82 A4 6E 61 6D 65 A8 4A 6F 68 6E 20 44 6F 65 A3 61 67 65 0C

 
→ 29 bytes
→ 20 bytes
 

As you can see, the MsgPack-encoded data is about 2/3 the size of JSON.

(edit: I previously had some unnecessary bytes in the JSON code, making the example to much in favour of MsgPack, I removed those. thx to charles leifer for noticing)

Additionally, the whole thing look less readable when you look at it – so as a small bonus this will probably repell some script-kiddies, who are trying to intercept your JSON- or XML-calls.

One line of code you said?


That is correct, assuming that you are currently using JSON: (JavaScript-example)

//just exchange the encoding and decoding lines
myJSONString = JSON.stringify(myObject);
myObject = JSON.parse(myJSONString);
//with
var myByteArray = msgpack.pack(myObject);
myObject = msgpack.unpack(myByteArray);

MsgPack returns Objects/Hashes or Arrays, Numbers and Strings just like JSON will do, so there is NO need to change anything further than the encoding- and decoding lines.

Why havn’t I heared from MsgPack before?


As with all good things: They need time, MsgPack has first been introduced about 2 1/2 years ago I believe (at least according to their github-repo) – it might be older, but without a github repository it is rather difficult to get noticed nowadays.

I can only encourage you to visit the MsgPack-Site and download the implementation for your programming-language(every major language has one), even if your desired language has no official implementation, there are usually unofficial projects to be found via google or github. If you can’t find it – contribute to the community and write your own implementation and share it. :-)

Edit #1: Looking at JavaScript it is true, that parsing JSON is faster than any custom parser. However, the field of usage is more than just JavaScript, considered that the serverload is probably more to be taken into account than your clients, as it won’t really matter if your clients need 0.1ms or 2ms to decode/encode something, however on the serverside MsgPack-parsing is usually faster than JSON – in the case of Ruby, MsgPack is faster by a factor of ~5.
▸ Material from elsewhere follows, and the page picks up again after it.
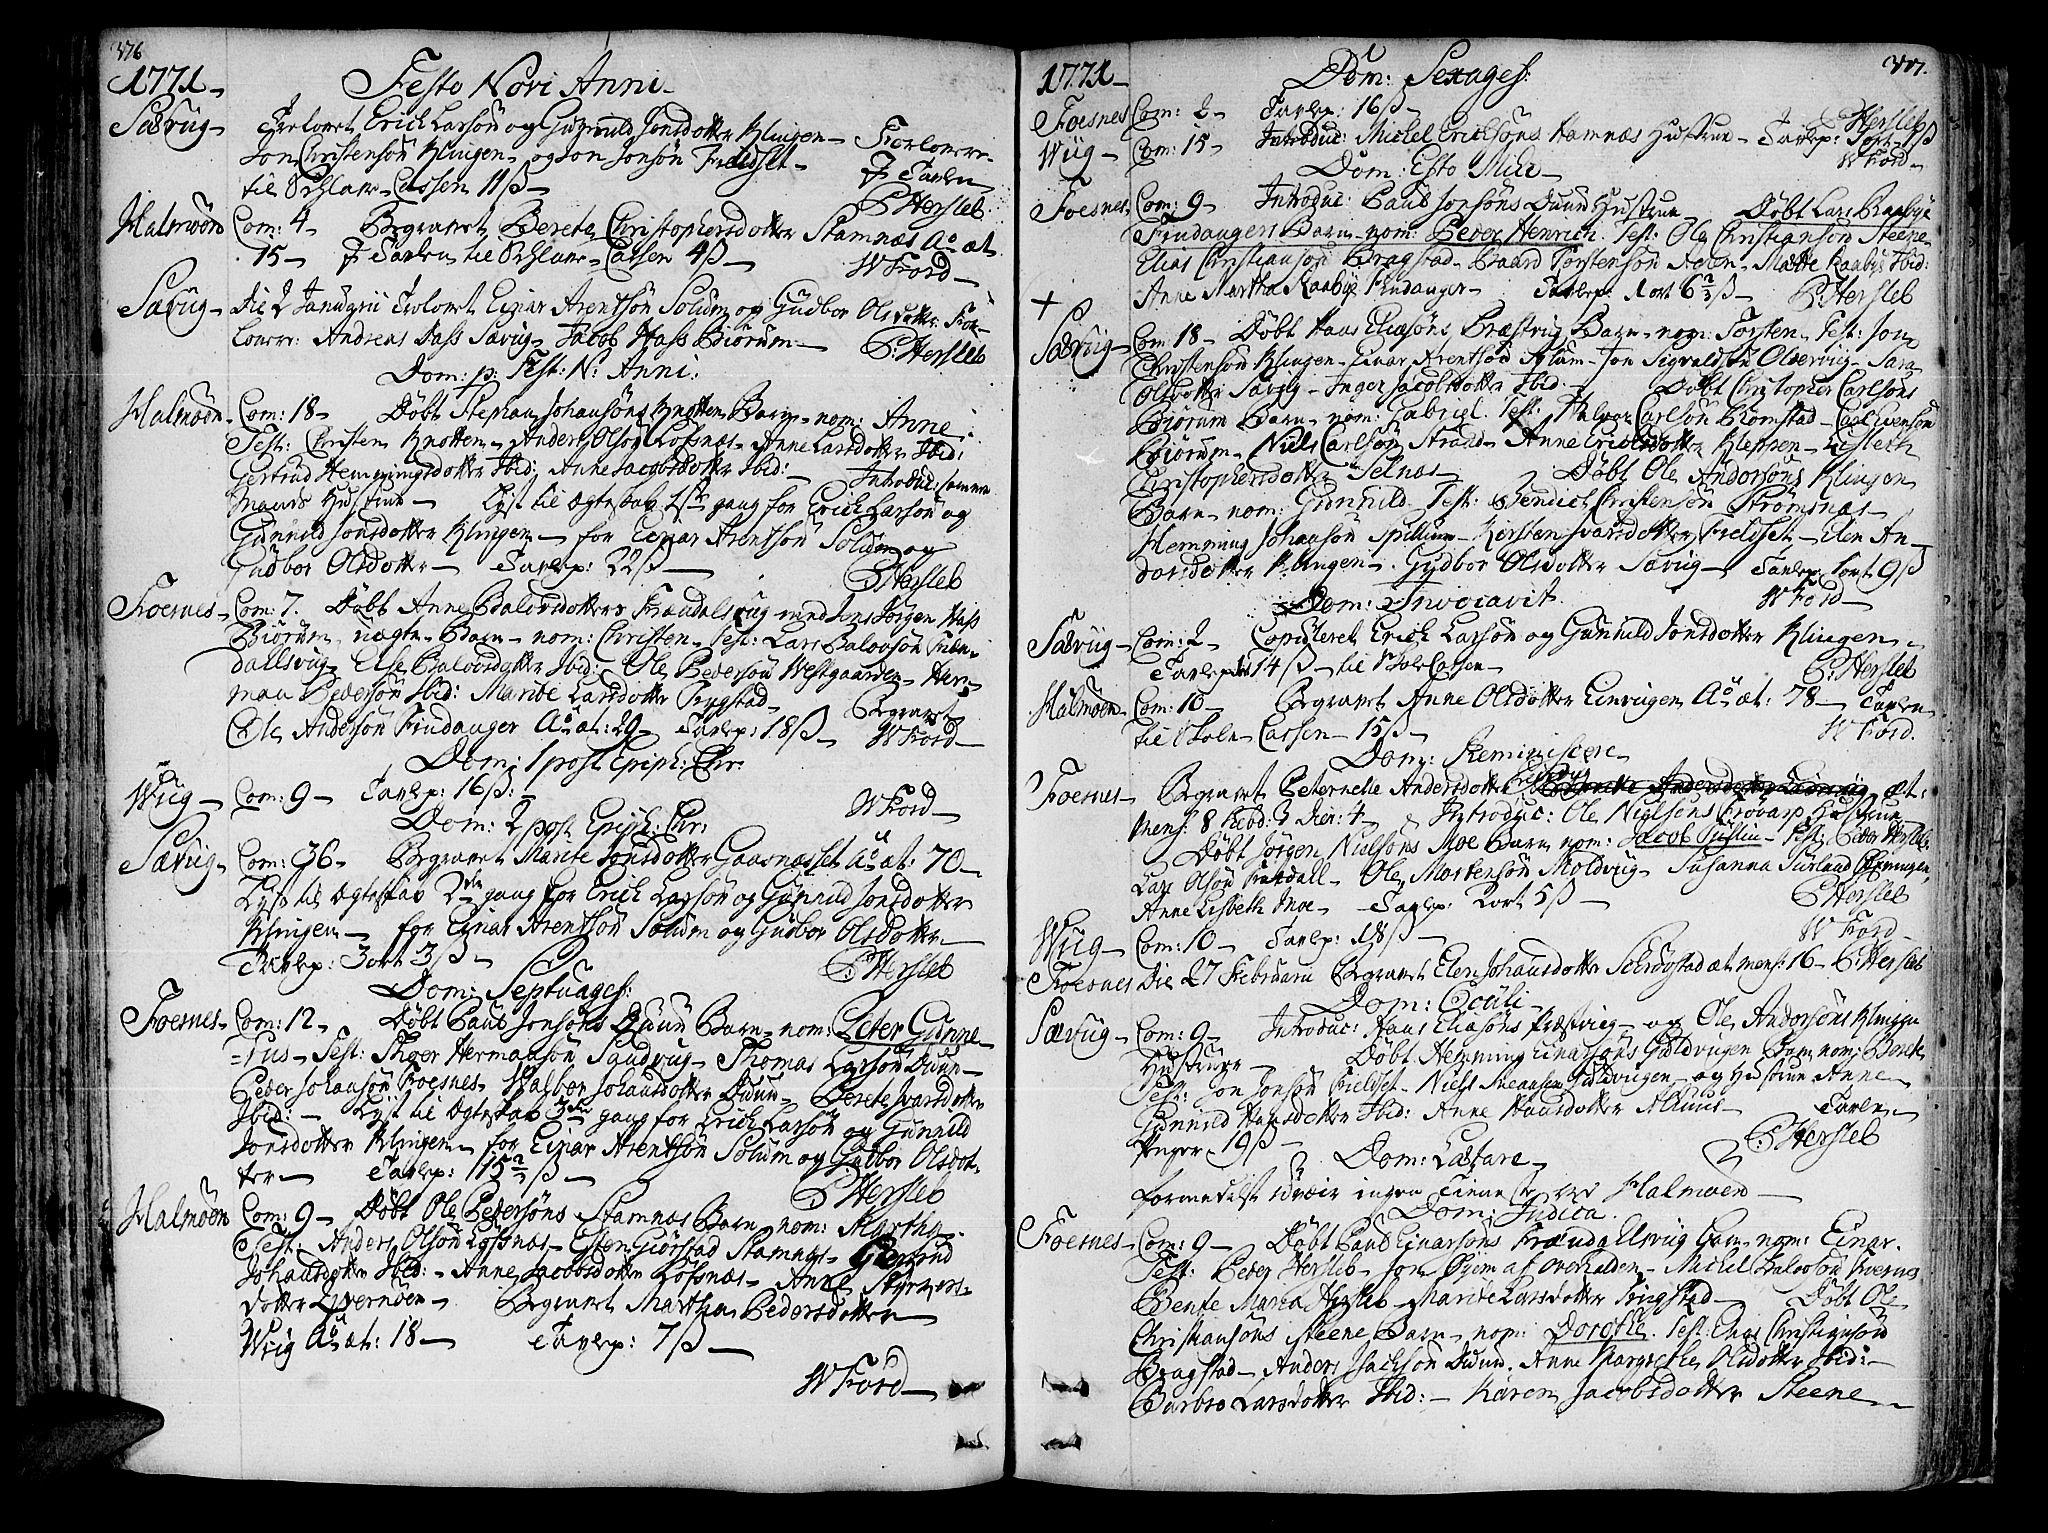 SAT, Ministerialprotokoller, klokkerbøker og fødselsregistre - Nord-Trøndelag, 773/L0607: Parish register (official) no. 773A01, 1751-1783, p. 376-377
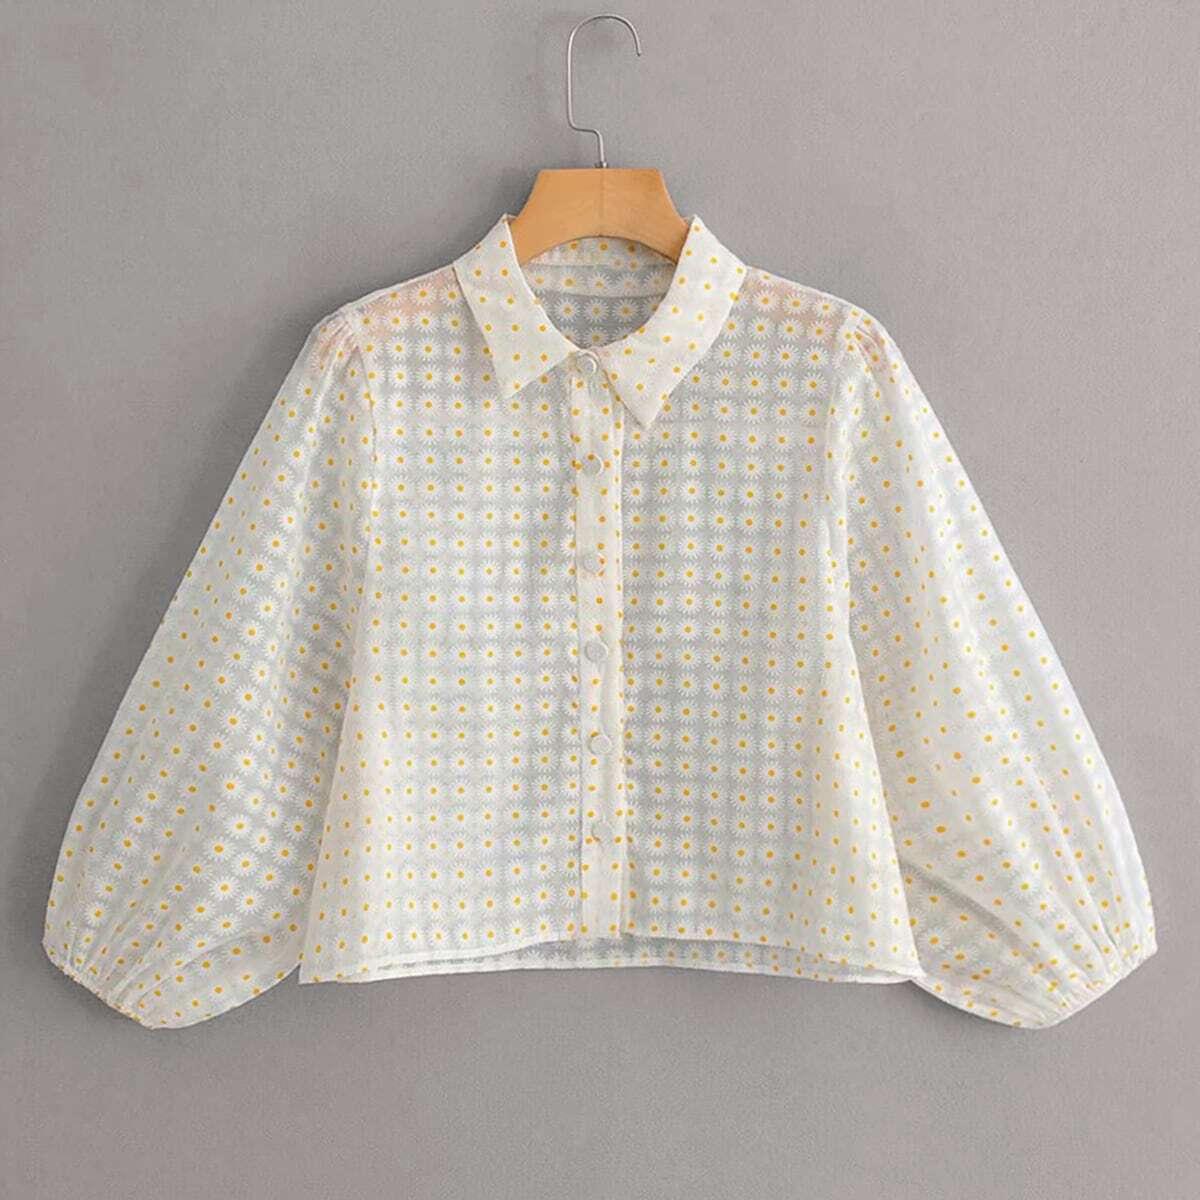 SHEIN / Bluse mit Blumen Muster und Netzstoff

Edit #2: Since there was quite a bit of critisism here and on Hacker News, Sadayuki “Sada” Furuhashi, the creator of MessagePack posted some thoughts on MessagePack on gist: https://gist.github.com/2908191 clarifying a few things, thank you for that Sadayuki.

  • http://2questions Sai Nayagar

    I liked your post about message pack and it got me thinking. I have two questions for you:

    We already run gzip compression on our web servers, so how much bandwidth will we be really saving by switching to message pack?

    How does debugging work with message pack? I am very often using the http network traffic debugger in chrome, and it is super easy to understand what is being sent and received. Would I still be able to do that is the built in support for decoding these messages on the fly?

    • olsn

      1) Saving bandwidth: Well this depends on how much data you exchange in one request – it happens often, that the protocoll-headers ect. are bigger than the data itself, in this case the percentage of saving is not to high.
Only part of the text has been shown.